Erasure coding is available for the /bytes and /bzz endpoints, however it is not available for the /chunks endpoint which deals with single chunks. Since erasure coding relies on splitting data into chunks and the chunk is the smallest unit of data within Swarm which cannot be further subdivided, erasure coding is not applicable for the /chunks endpoint which deals with single chunks/

To upload data to Swarm using erasure coding, the swarm-redundancy-level: <integer> header is used:

    curl \
-X POST http://localhost:1633/bzz?name=test.txt \
-H "swarm-redundancy-level: 4" \
-H "swarm-postage-batch-id: 27d1bbef6c01e266d3130c01c9be60fd76b4a69d6f8ea6291548e1644bcf9001" \
-H "Content-Type: text/plain"

{"reference":"c02e7d943fbc0e753540f377853b7181227a83e773870847765143681511c97d"}

The accepted values for the swarm-redundancy-level header range from the default of 0 up to 4. Each level corresponds to a different level of data protection, with erasure coding turned off at 0, and at its maximum at 4. Each increasing level provides increasing amount of data redundancy offering greater protection against data loss. Each level has been formulated to guarantee against a certain percentage of chunk retrieval errors, shown in the table below. As long as the error rate is below the expected chunk retrieval rate for the given level, there is a less than 1 in a million chance of failure to retrieve the source data.

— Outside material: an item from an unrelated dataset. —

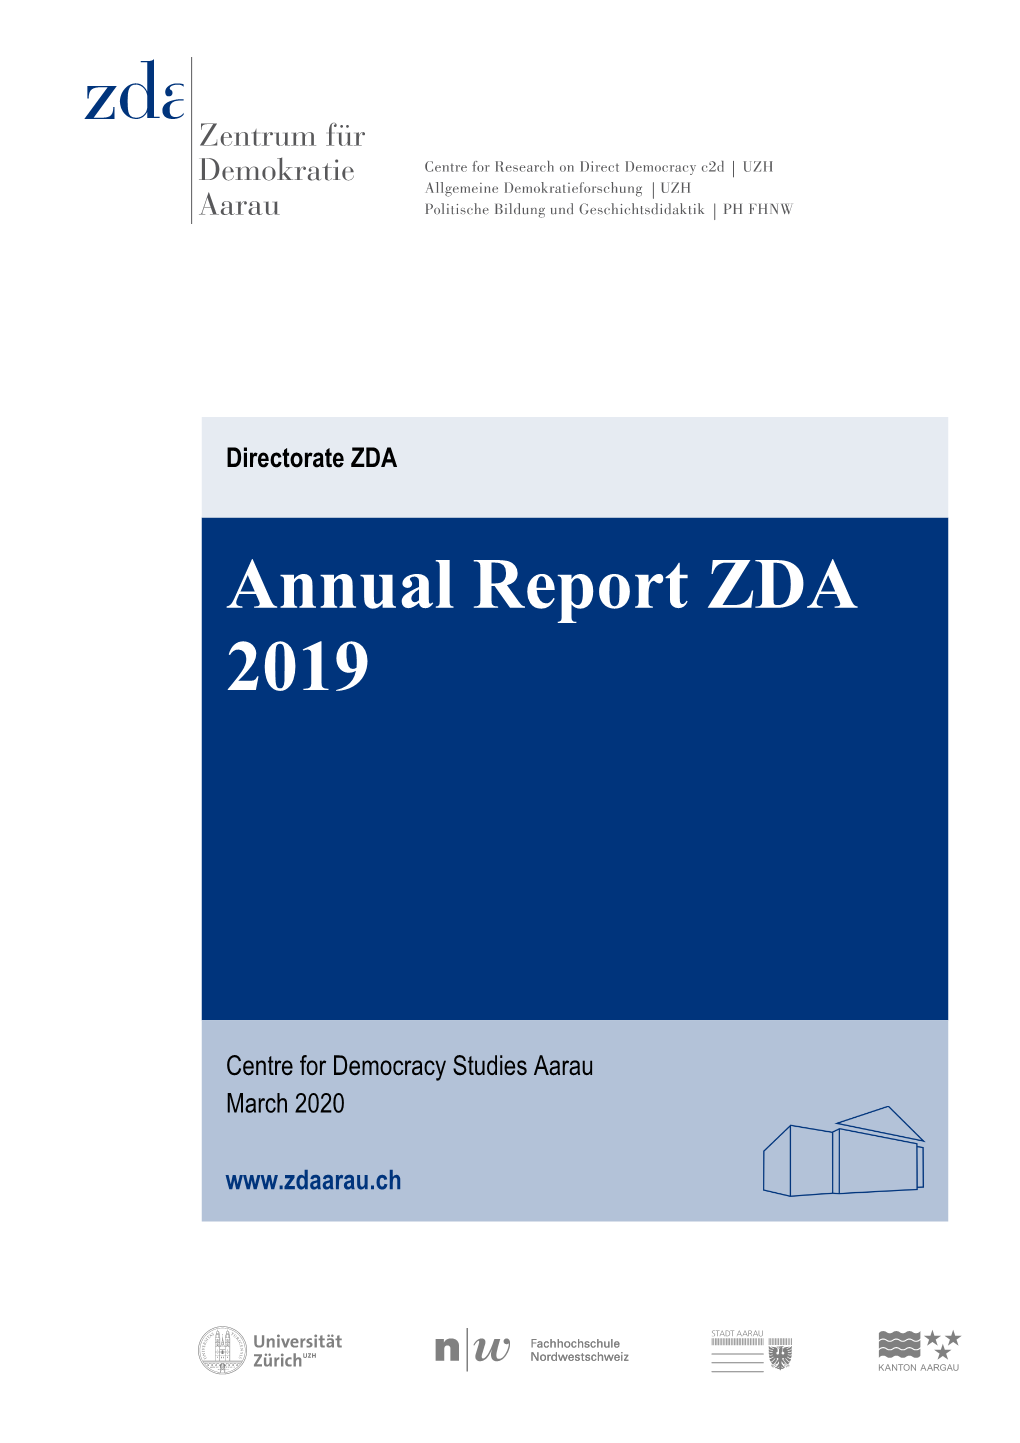 Annual Report ZDA 2019

Redundancy LevelPseudonymExpected Chunk Retrieval Error Rate
0None0%
1Medium1%
2Strong5%
3Insane10%
4Paranoid50%

Do take note that any level of erasure encoding will increase the cost of uploaded, as with the additional parity chunks, there is a greater total number of chunks which must be stamped, and as the number of additional parity chunks increase with the redundancy level, so too does the additional cost.

Downloading Erasure Encoded Data

When downloading erasure encoded data, there are three related headers which may be used—swarm-redundancy-strategy, swarm-redundancy-fallback-mode: <integer>, and swarm-chunk-retrieval-timeout.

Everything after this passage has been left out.